El abuso de pareja íntima, también conocido como violencia doméstica, generalmente ocurre a las mujeres que sufren abuso antes del embarazo y, en algunos casos, el abuso comienza durante el embarazo. La forma de abuso puede presentarse como física, emocional, verbal, psicológica, sexual, financiera y médica. Le puede pasar a cualquiera. La violencia doméstica no conoce límites. Le sucede a estudiantes, madres que se quedan en casa, cajeros y ejecutivos corporativos. Las mujeres de todas las edades, etnias, religiones, estatus económico y niveles de educación pueden encontrarse en un ambiente donde su pareja íntima, o ex pareja, está abusando de ellas. Es más común de lo que la gente cree. Según el Programa de intervención de violencia doméstica, hasta el 35% de las mujeres experimentan algún tipo de violencia de pareja. Eso es equivalente a 1 de cada 3 mujeres.

El impacto de la violencia de la pareja durante el embarazo presenta innumerables riesgos para la salud de la mujer embarazada y la salud del feto. Algunas de las complicaciones físicas para la mujer incluyen aumento de peso bajo, sangrado, infecciones, presión arterial alta, desprendimiento de placenta, ruptura uterina y anemia. Si no se trata, pueden producirse complicaciones importantes durante el embarazo y / o el parto. Si bien estos efectos pueden parecer temporales o manejables, los efectos en el feto pueden extenderse hasta la infancia e incluso hasta la edad adulta.

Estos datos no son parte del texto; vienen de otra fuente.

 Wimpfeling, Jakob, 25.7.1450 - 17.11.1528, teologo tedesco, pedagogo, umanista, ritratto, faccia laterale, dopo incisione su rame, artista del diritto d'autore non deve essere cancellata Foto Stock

Las mujeres en un embarazo no deseado tienen la carga adicional de elegir entre una relación con el padre del feto y el deseo de vivir en un ambiente seguro y protegido. Las mujeres embarazadas que sufren violencia de pareja tienen más probabilidades de sufrir depresión, ansiedad, tener una mayor incidencia de suicidio y participar en el abuso de sustancias, que incluyen el abuso de drogas ilegales y recetadas y el alcohol. Estos mecanismos de afrontamiento pueden permitir el escape temporal pero tienen efectos a largo plazo. Las mejores prácticas apuntan a asesoramiento profesional y atención médica temprana tan pronto como se sospeche un embarazo. Una visita al consultorio de un médico o clínica médica ayudará a verificar un embarazo y su viabilidad a través de una prueba de orina de laboratorio y un ultrasonido y ayudará a las mujeres en un embarazo no planificado a encontrar un ambiente seguro para discutir sus preocupaciones.

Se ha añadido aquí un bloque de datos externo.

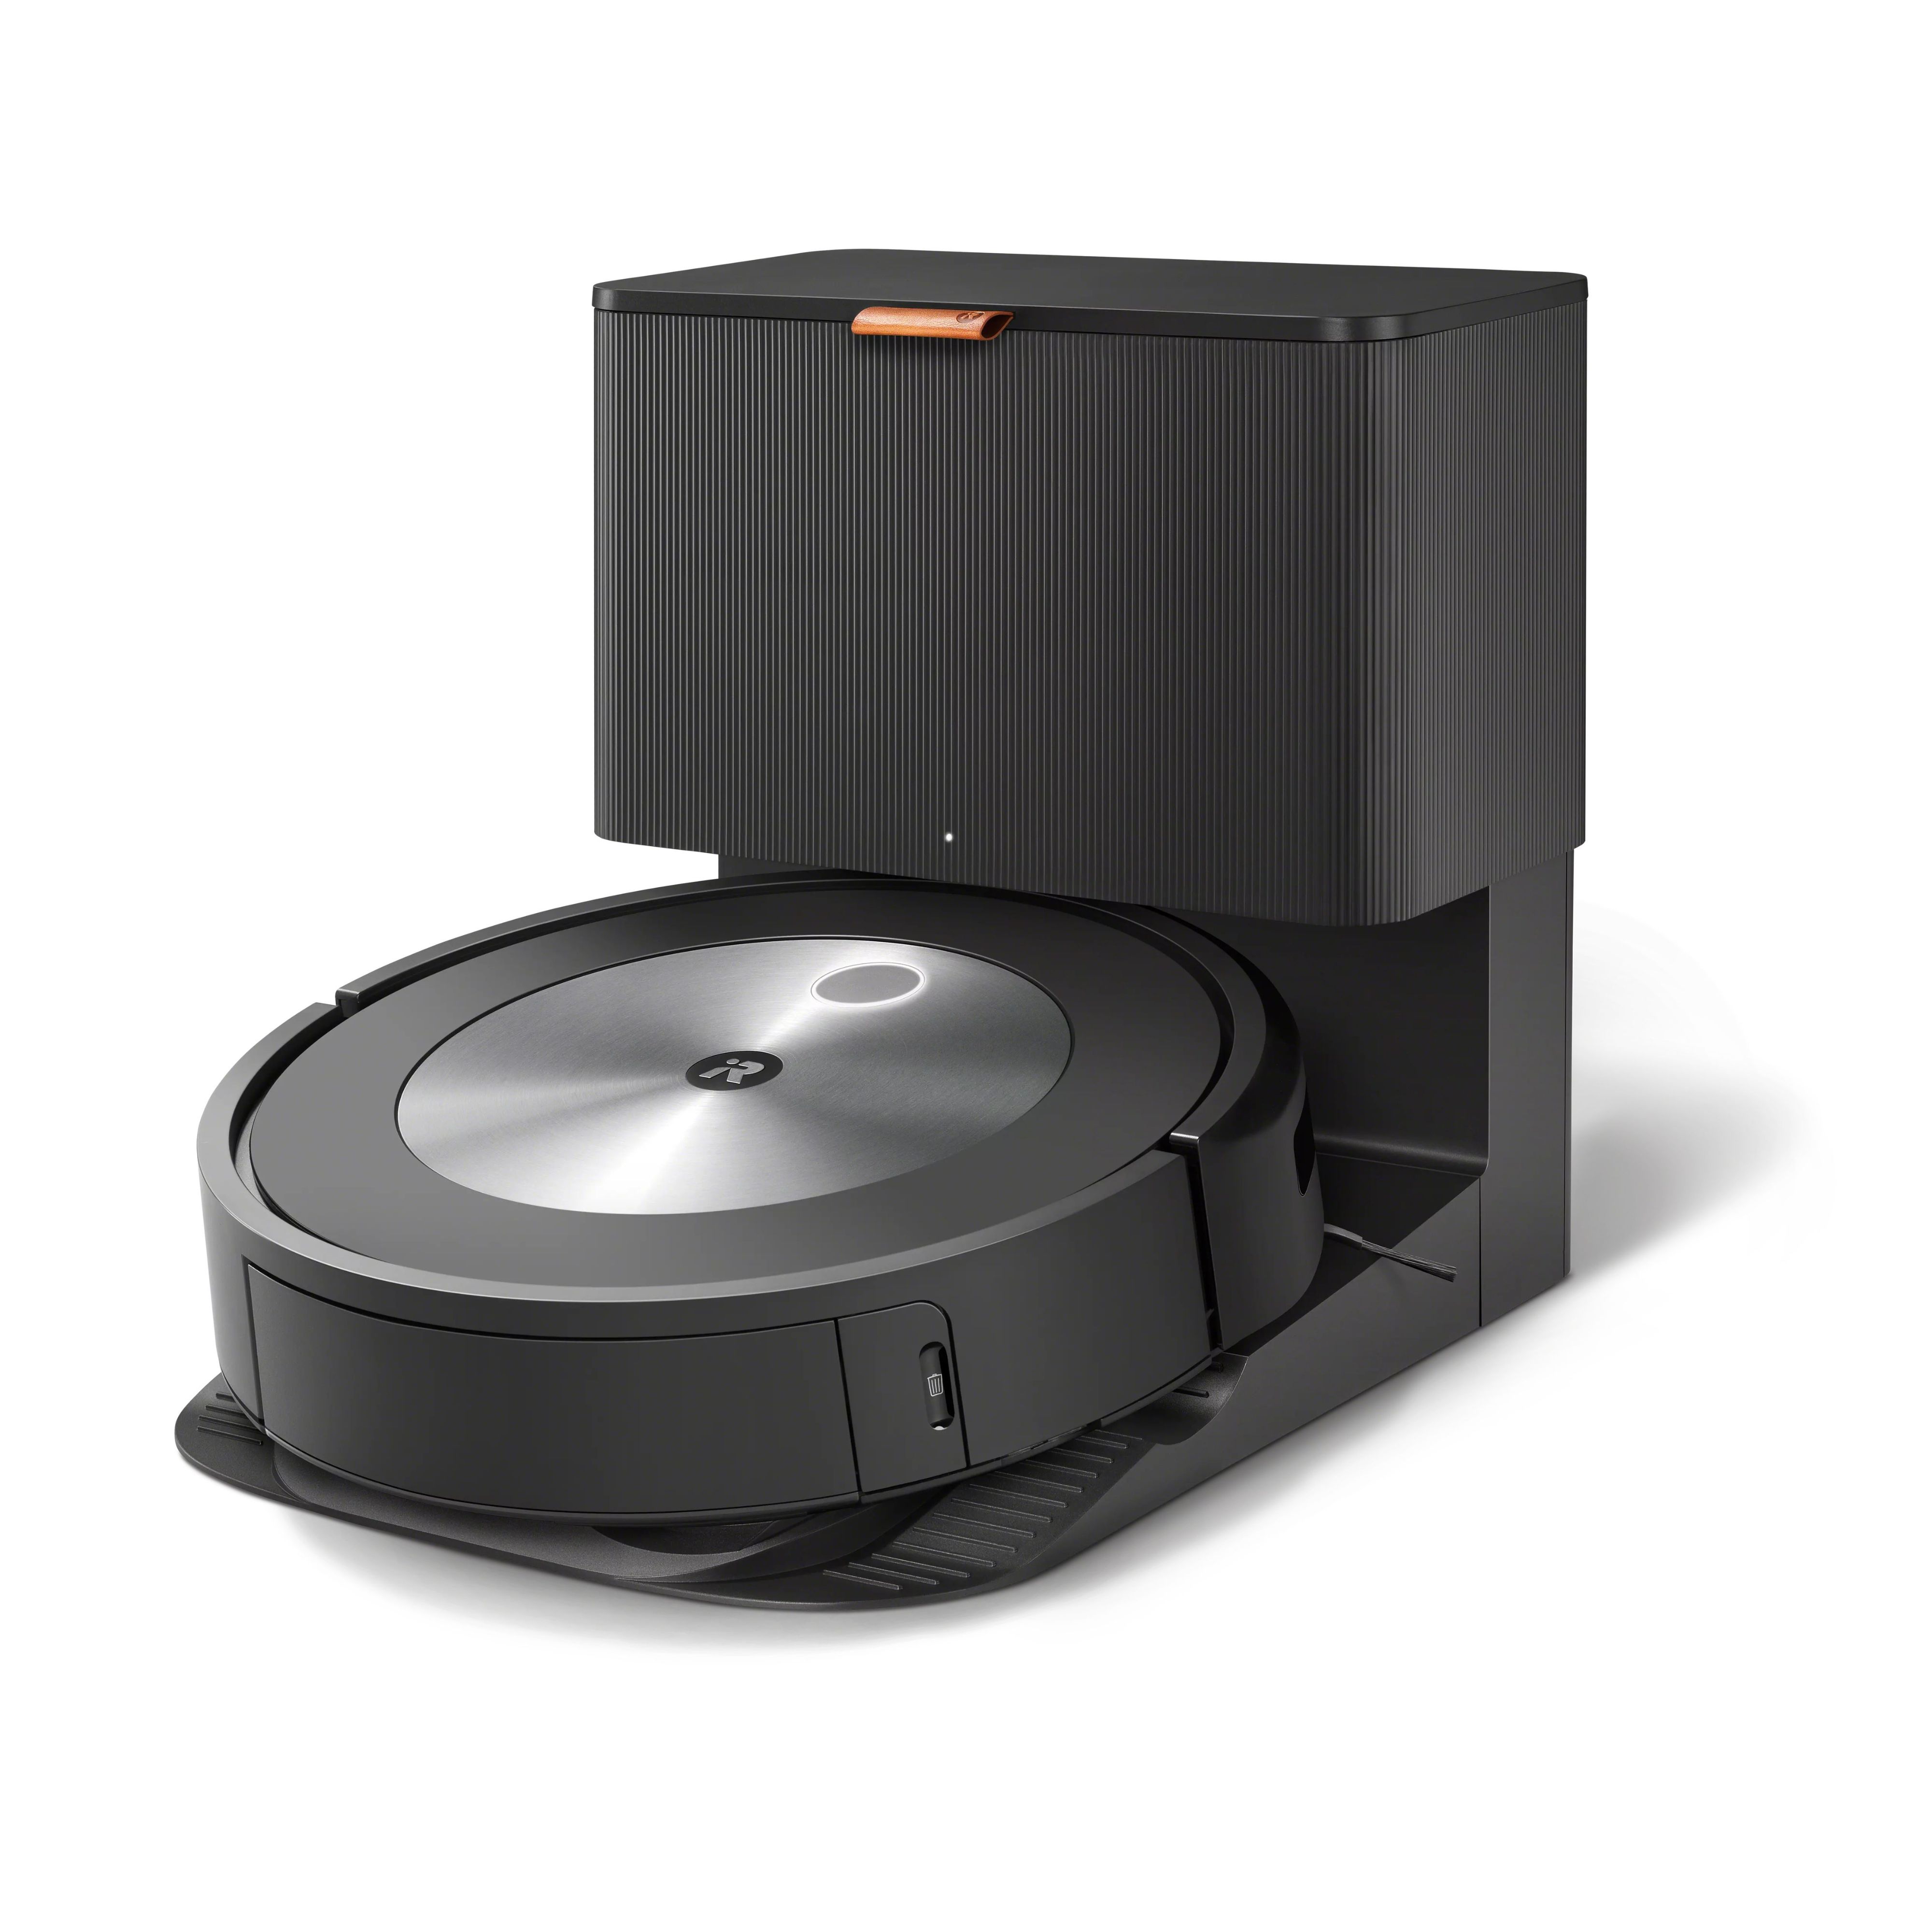 James Dyson concepto Marco de referencia Robot aspirador Roomba® j7+ con vaciado automático | iRobot® | iRobot

Se alienta a las mujeres que consideran la crianza de los hijos a garantizar la atención prenatal lo antes posible. La falta de atención prenatal afecta no solo a la mujer embarazada, sino también al bebé.. Puede conducir a complicaciones inmediatas, como parto prematuro y bajo peso al nacer. El bajo peso al nacer y el parto prematuro podrían tener efectos a largo plazo en el niño, incluidos problemas de atención, dificultades de comportamiento, retrasos en el lenguaje, disminución del coeficiente intelectual, retrasos en la función motora. Estos efectos a menudo crean dificultades en la escuela y hasta la edad adulta.

Que puedes hacer para protegerte?

Busque ayuda de inmediato. Enfrentarse a un embarazo no planificado puede ser complicado o confuso en circunstancias menos estresantes. Un embarazo no planificado mientras se vive en un ambiente abusivo o en una relación abusiva es abrumador. Desarrollar un sistema de apoyo que incluya a personas que lo apoyarán y abogarán por usted mientras toma su decisión final de embarazo la ayudará a mantenerse segura.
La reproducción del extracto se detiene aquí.